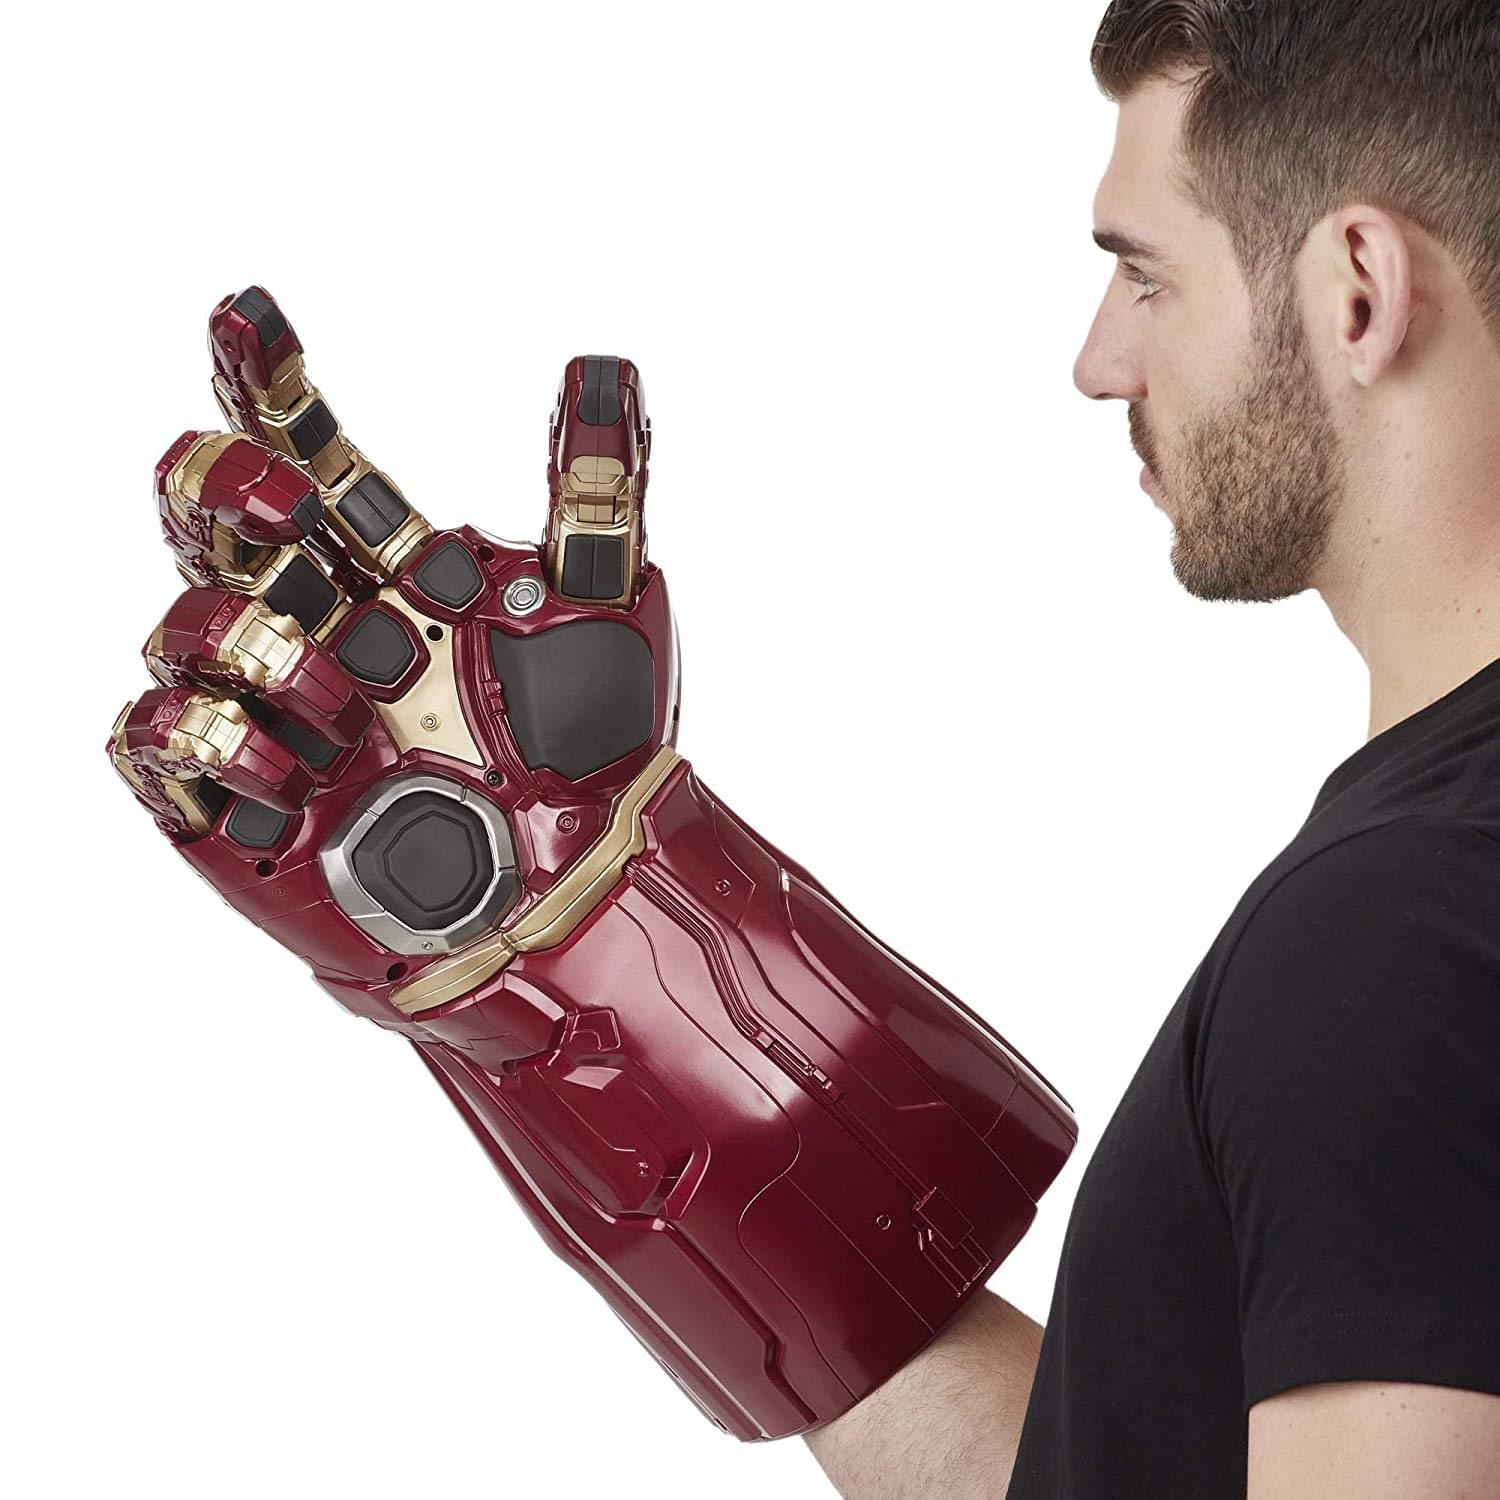 Marvel Legends Avengers Endgame Electronic Power Gauntlet Replica
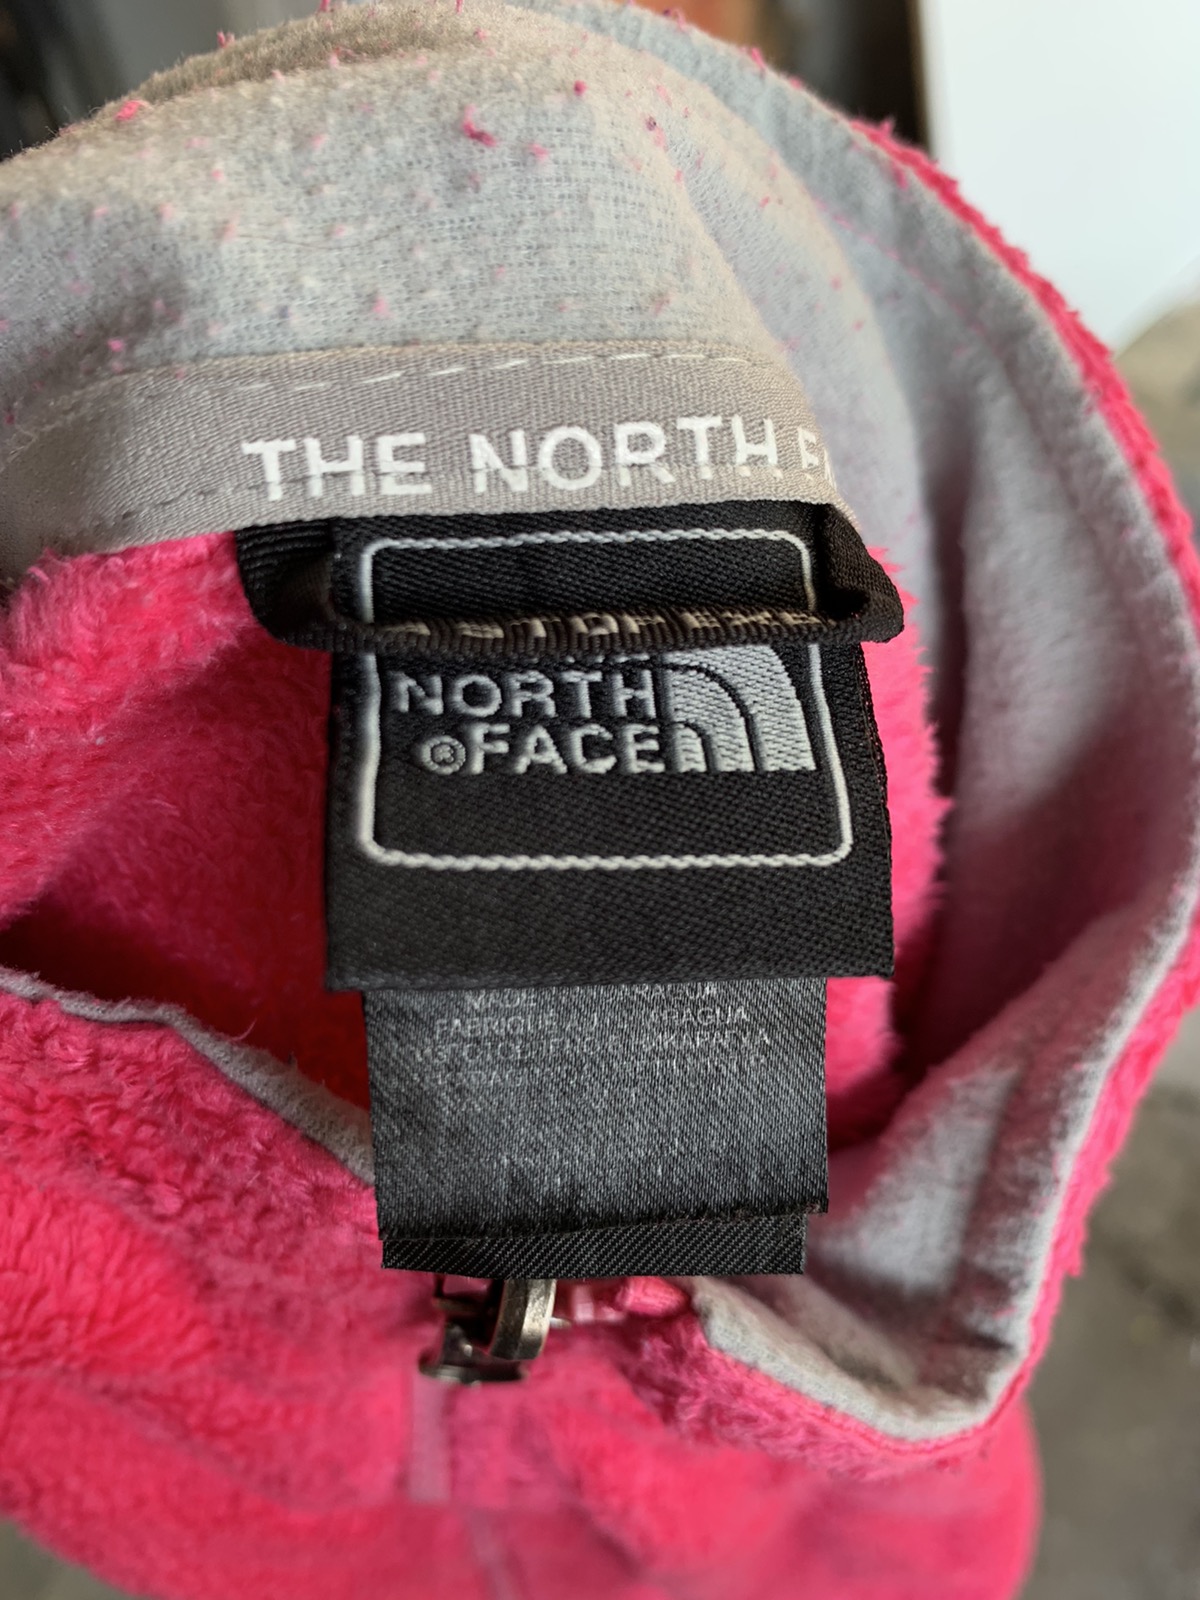 The North Face Fleece Jacket - 7
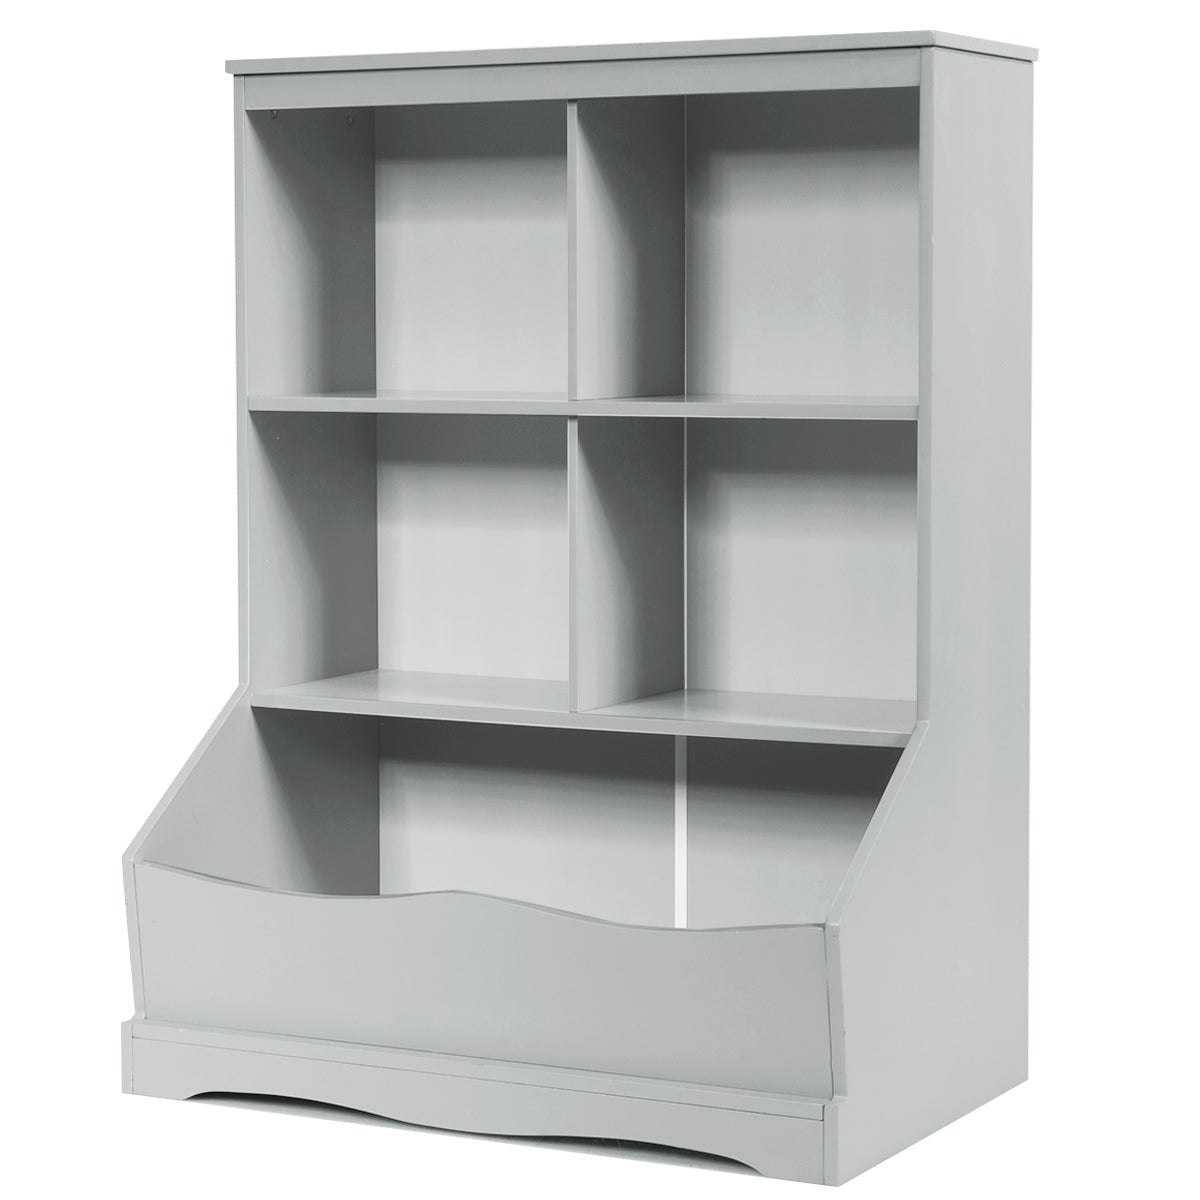 Shop Grey 3-Tier Kids Wooden Bookshelf with Spacious Storage
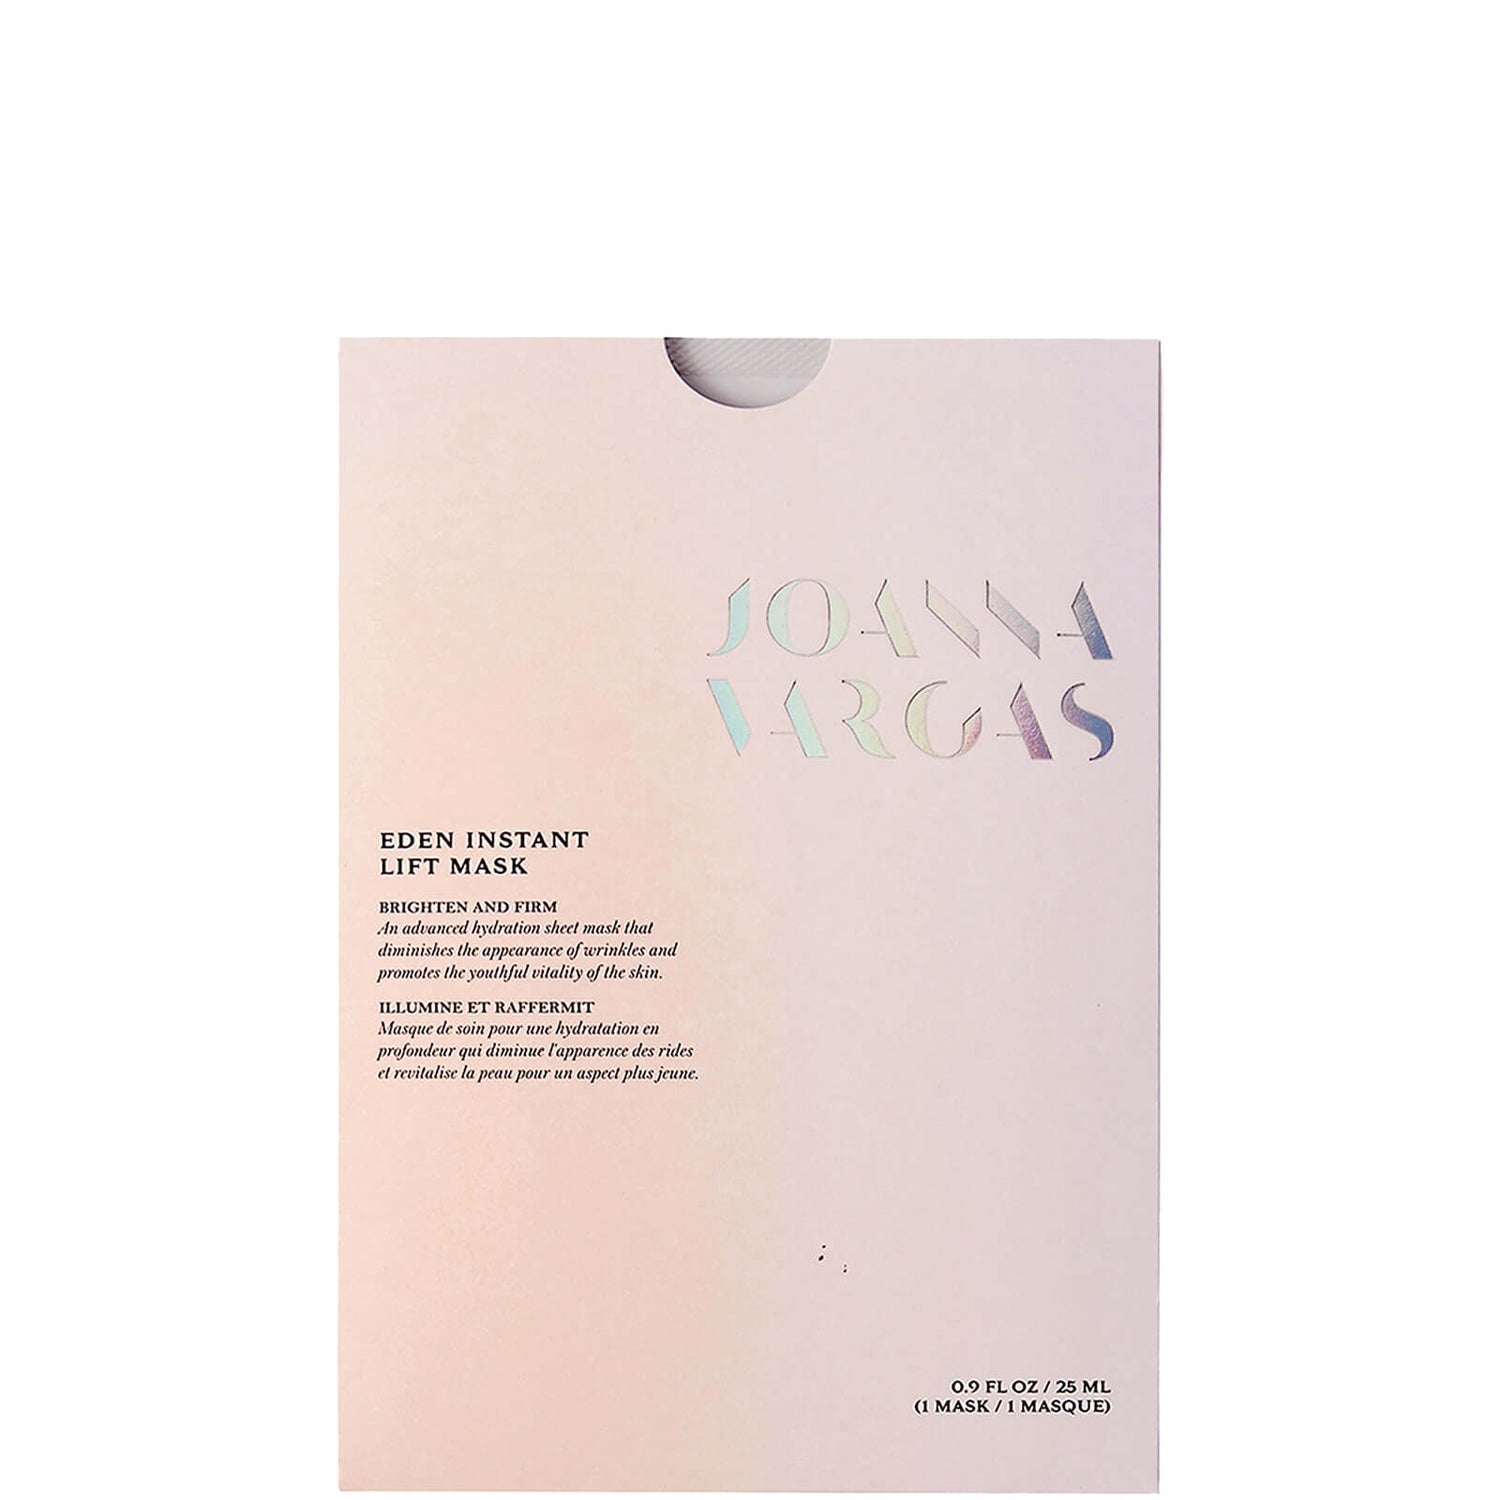 Joanna Vargas Eden Instant Lift Mask (1 Sheet)

### [DIRECTIONS]
Repeat the listing exactly; do not print any picture.

### [WRITTEN RESPONSE]
 Marvel Legends Avengers Endgame Electronic Power Gauntlet Replica
 The North Face Fleece Jacket - 7
 Shop Grey 3-Tier Kids Wooden Bookshelf with Spacious Storage
 Joanna Vargas Eden Instant Lift Mask (1 Sheet)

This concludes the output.